I could see this being incredible if it had a set of performance related queries or ran explain analyze and offered some interpreted results.
Can this be run fully locally with a local llm?
Would love to see some sort of architecture overview in the docs
The top-level docs have a section on "Deploying workers" but I think there are more components than that?
It's cool there's a Helm chart but the docs don't really say what resources it would deploy
https://docs.hatchet.run/self-hosting/docker-compose
...shows four different Hatchet services plus, unexpectedly, both a Postgres server and RabbitMQ. Can't see anywhere that describes what each one of those does
Also in much of the docs it's not very clear where the boundary between Hatchet Cloud and Hatchet the self-hostable OSS part lies
The simplest way to run hatchet is with `hatchet-lite`[0] which bundles all internal services. For most deployments we recommend running these components separately hence the multiple services in the helm chart [1]. RabbitMQ is now an optional dependency which is used for internal-service messages for higher throughput deployments [2].
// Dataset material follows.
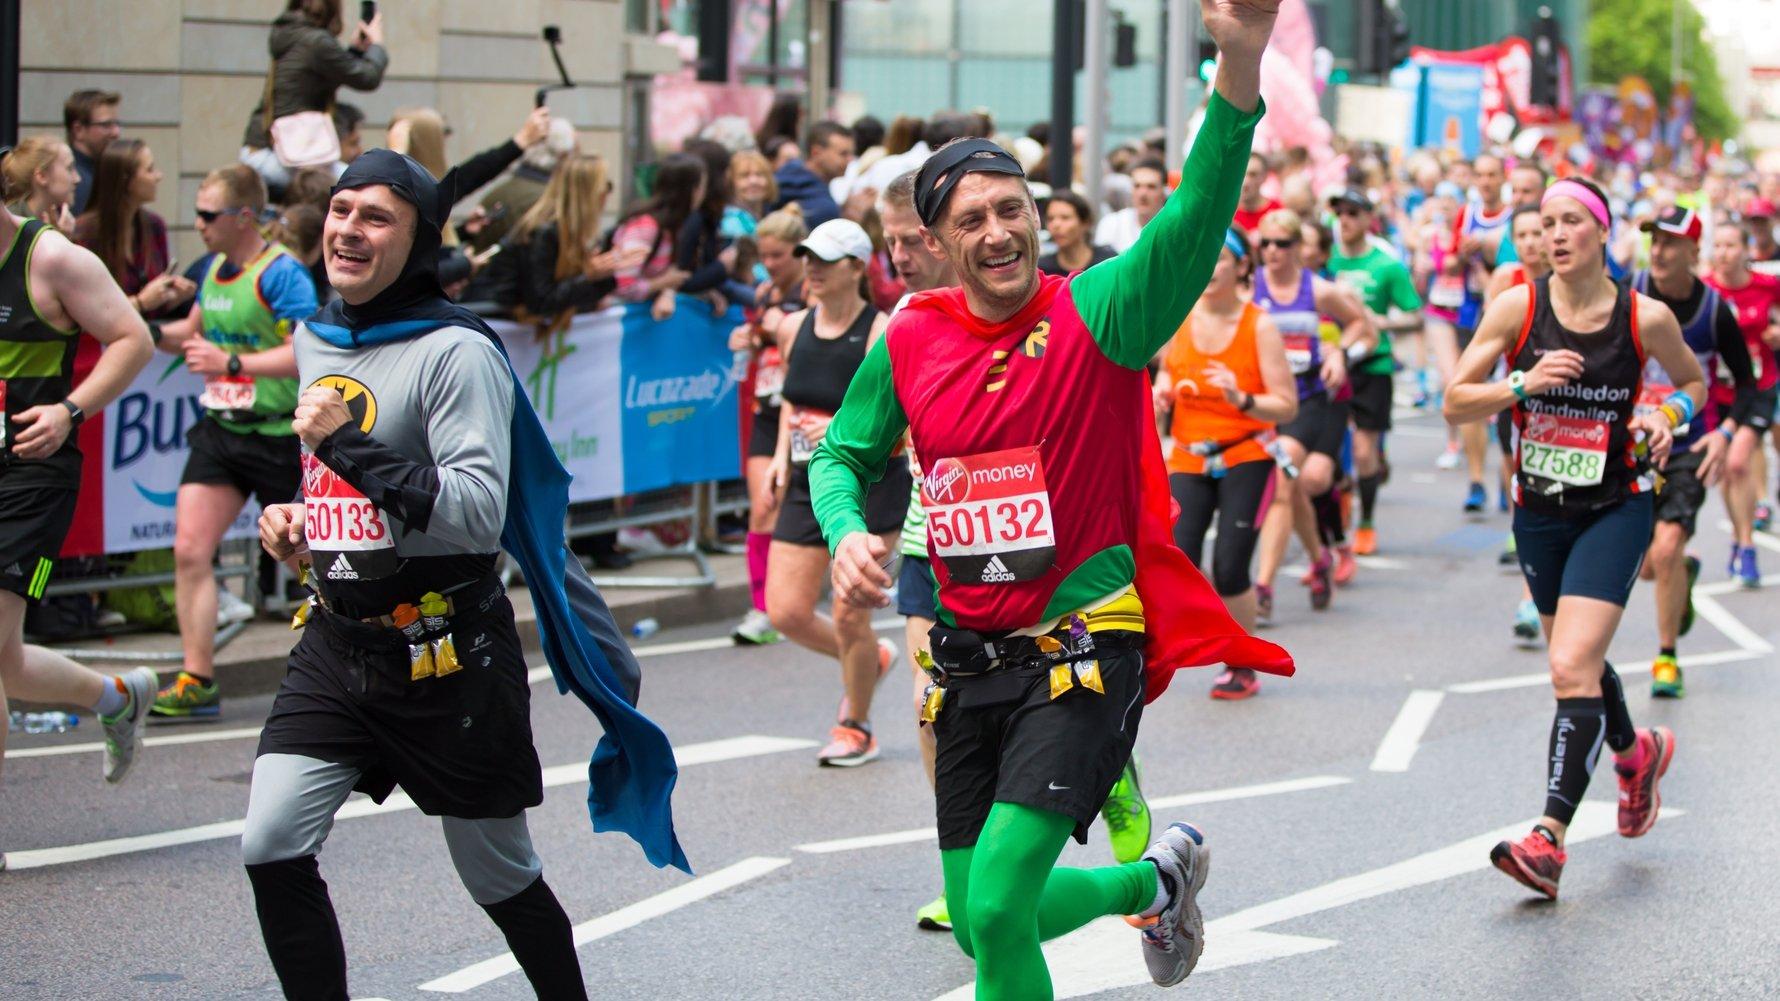 © IR Stone Shutterstock.com Marathon

Your workers are always run as a separate process.
[0] https://docs.hatchet.run/self-hosting/hatchet-lite
[1] https://docs.hatchet.run/self-hosting/improving-performance#...
[2] https://hatchet.run/launch-week-01/pg-only-mode
edit: missed your last question -- currently self-host includes everything in cloud except managed workers
> It is such a better system than dedicated long running worker listeners, because then you can just scale your HTTP workers as needed.
This depends on the use-case - with long running listeners, you get the benefit of reusing caches, database connections, and disk, and from a pricing perspective, if your task spends a lot of time waiting for i/o operations (or waiting for an event), you don't get billed separately for CPU time. A long-running worker can handle thousands of concurrently running functions on cheap hardware.
> I also find that DAGs tend to get ugly really fast because it generally involves logic. I'd prefer that logic to not be tied into the queue implementation because it becomes harder to unit test. Much easier reason about if you have the HTTP endpoint create a new task, if it needs to.
We usually recommend that DAGs which require too much logic (particularly fanout to a dynamic amount of workflows) should be implemented as a durable task instead.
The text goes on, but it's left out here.